_Supplied data_:
┄┄┄┄┄┄

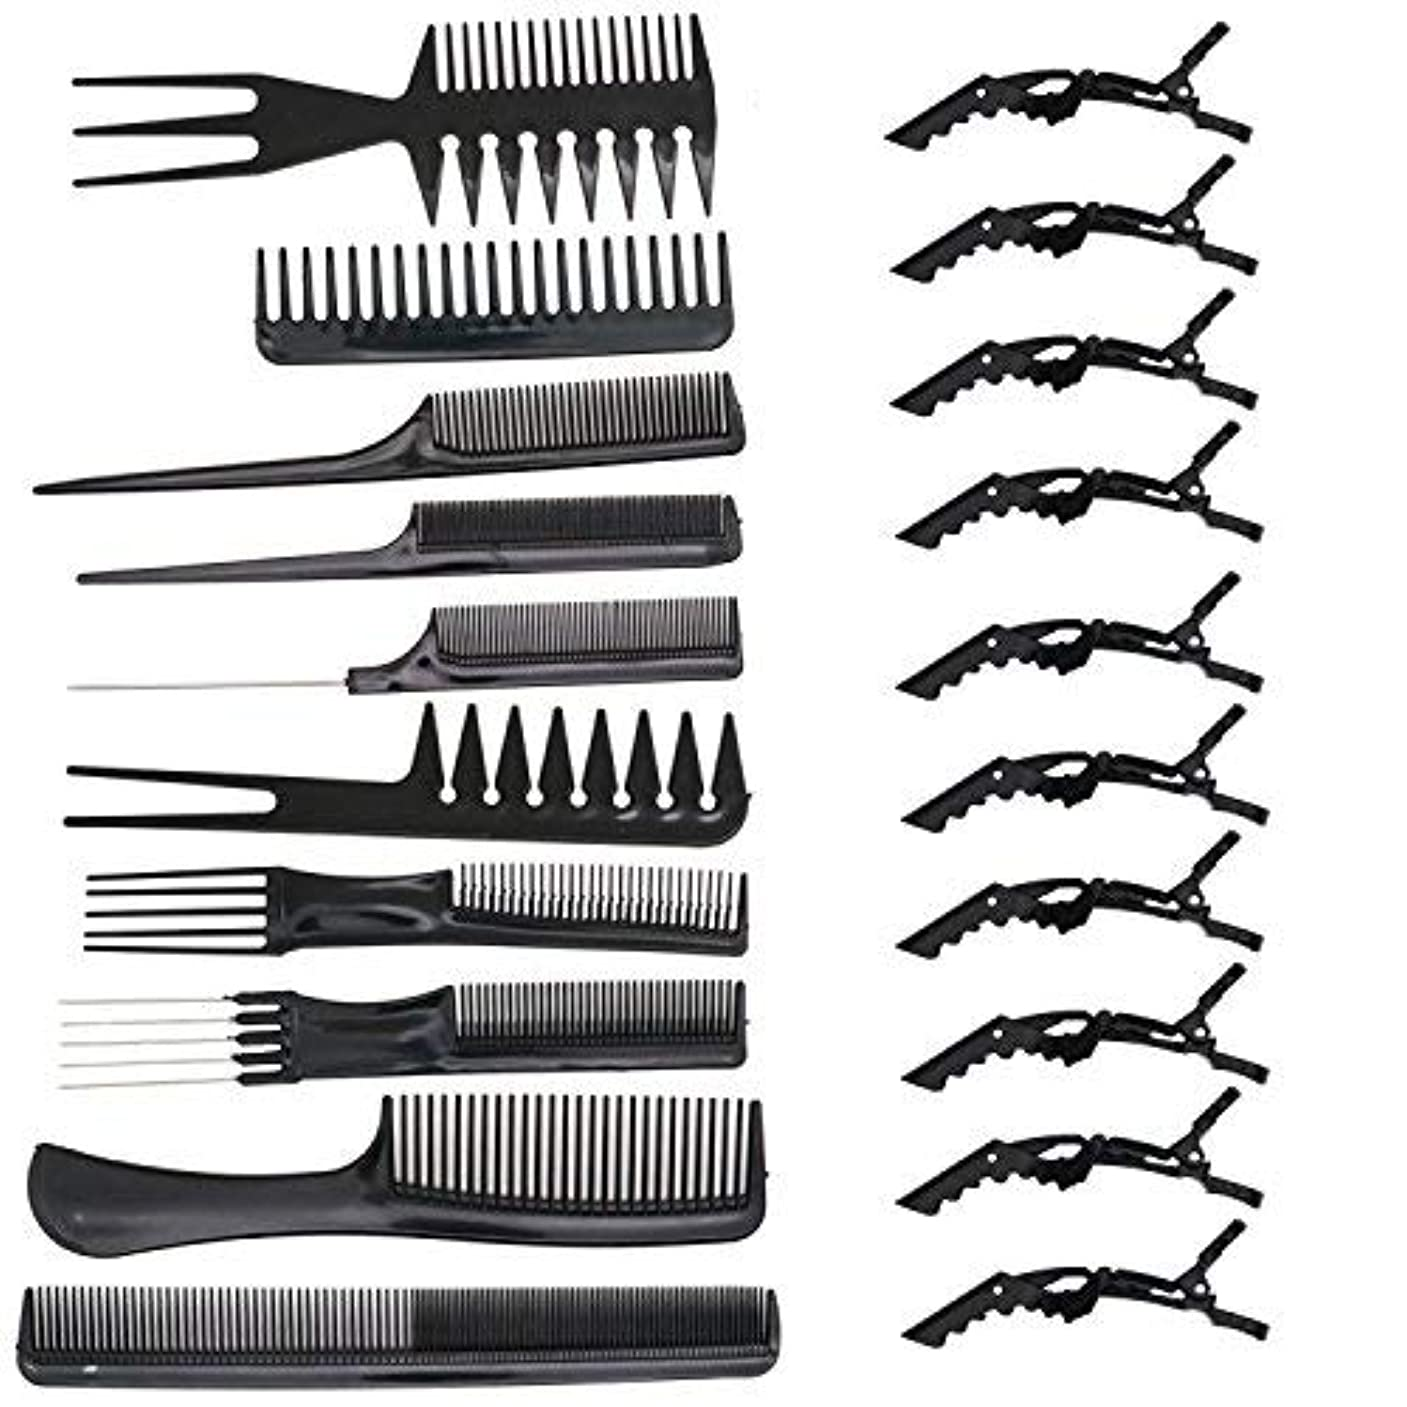 ディレイハリケーン永続HUELE 10 Pcs Professional Hair Styling Comb with Styling Clips Hair Salon Styling Barbers Set Kit [並行輸入品]
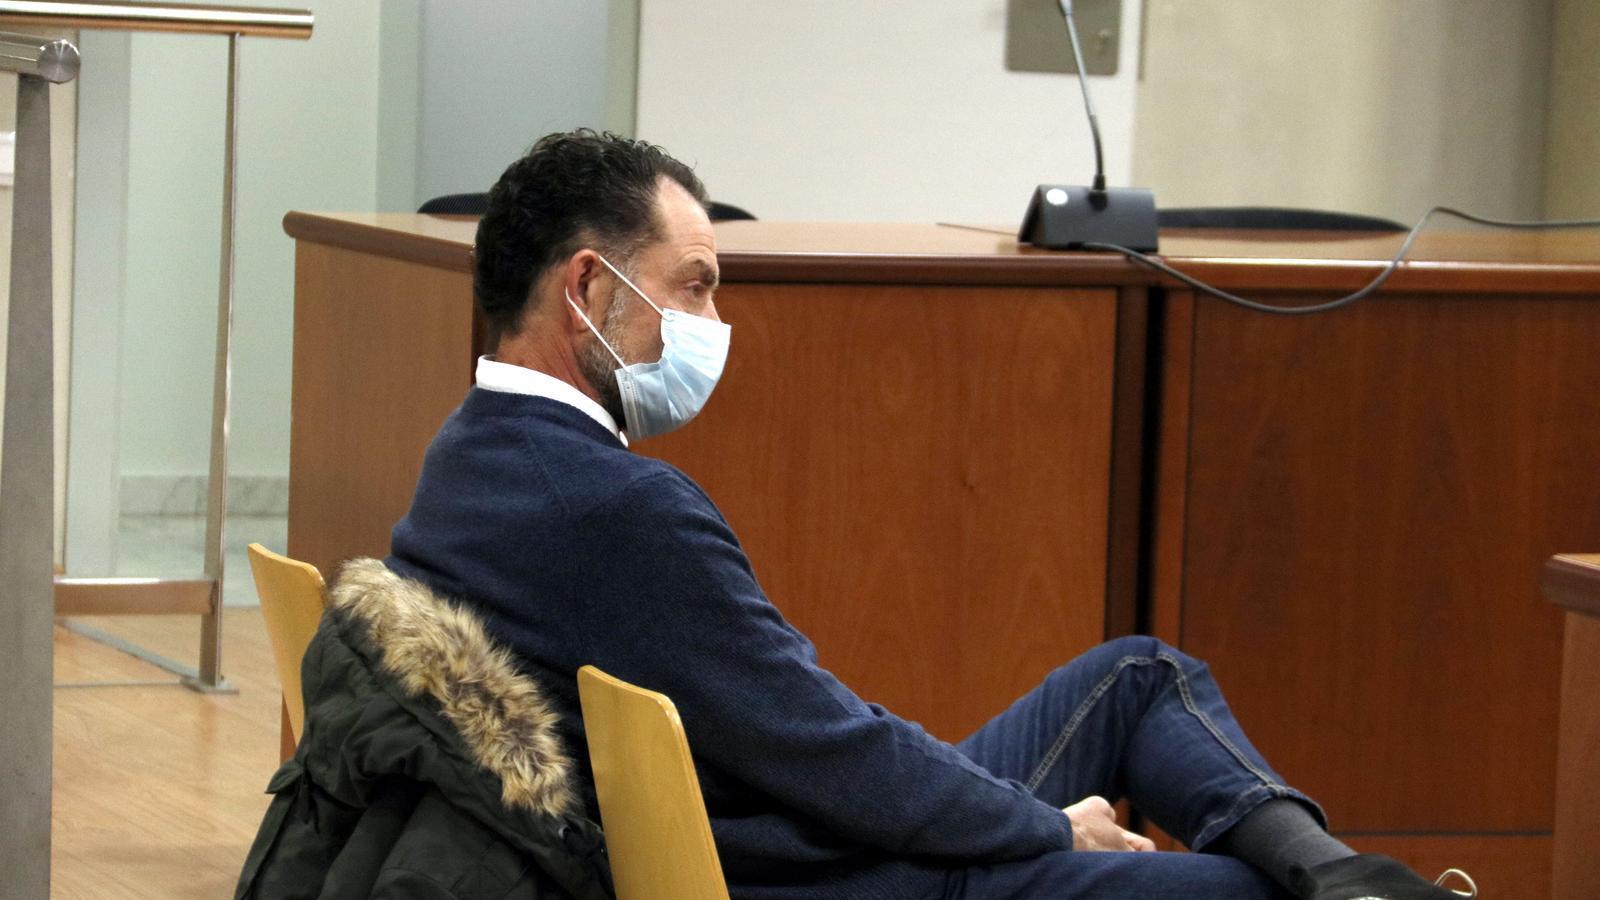 Pla obert de l'acusat d'abusar de discapacitats durant el judici a l'Audiència de Lleida.
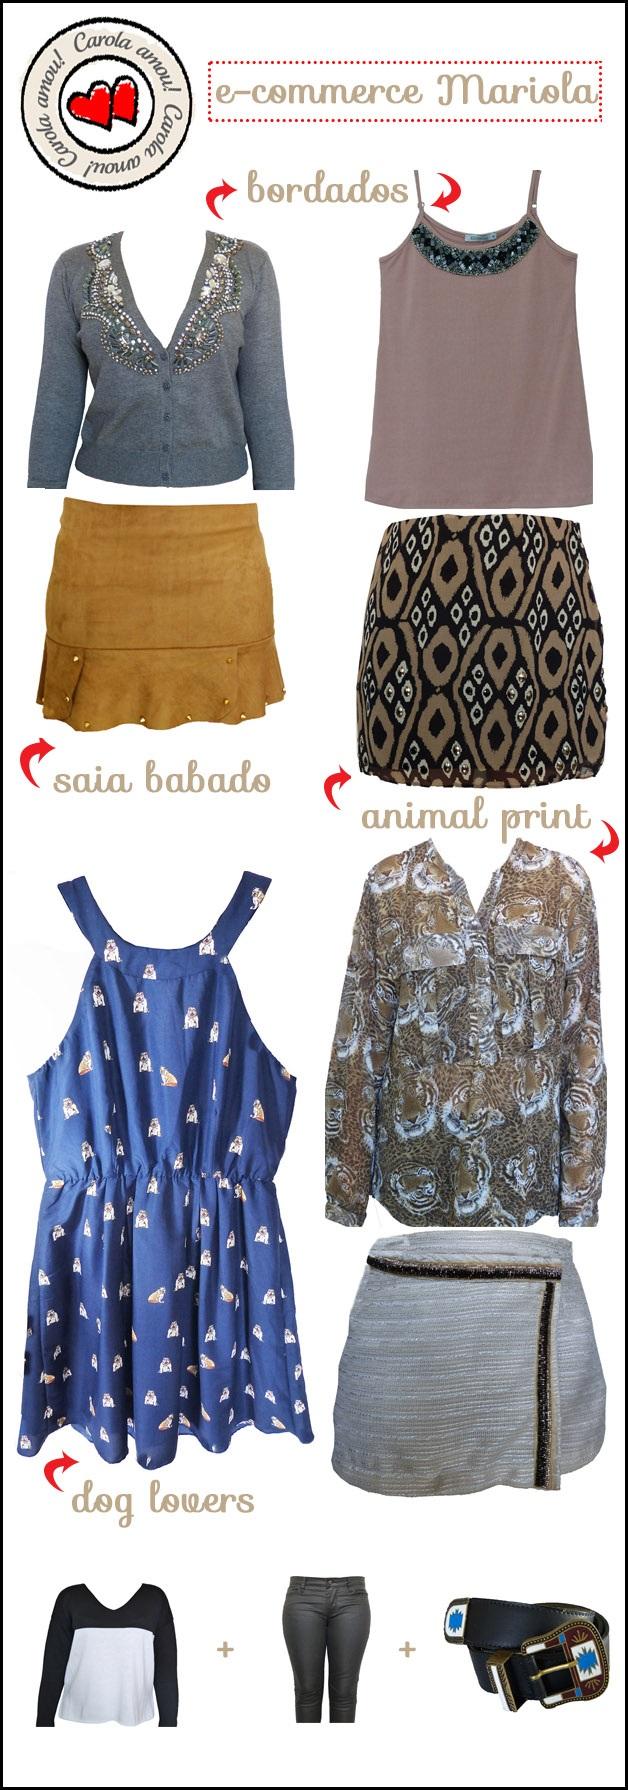 e-commerce-roupas-femininas-mariola-blog-de-moda-blog-carola-duarte

┄┄┄┄┄┄

_Work instructions_:
Nothing but the pictures may be dropped; restate the material word for word.

_Task solution_:
 ディレイハリケーン永続HUELE 10 Pcs Professional Hair Styling Comb with Styling Clips Hair Salon Styling Barbers Set Kit [並行輸入品]
 Pla obert de l'acusat d'abusar de discapacitats durant el judici a l'Audiència de Lleida.
 e-commerce-roupas-femininas-mariola-blog-de-moda-blog-carola-duarte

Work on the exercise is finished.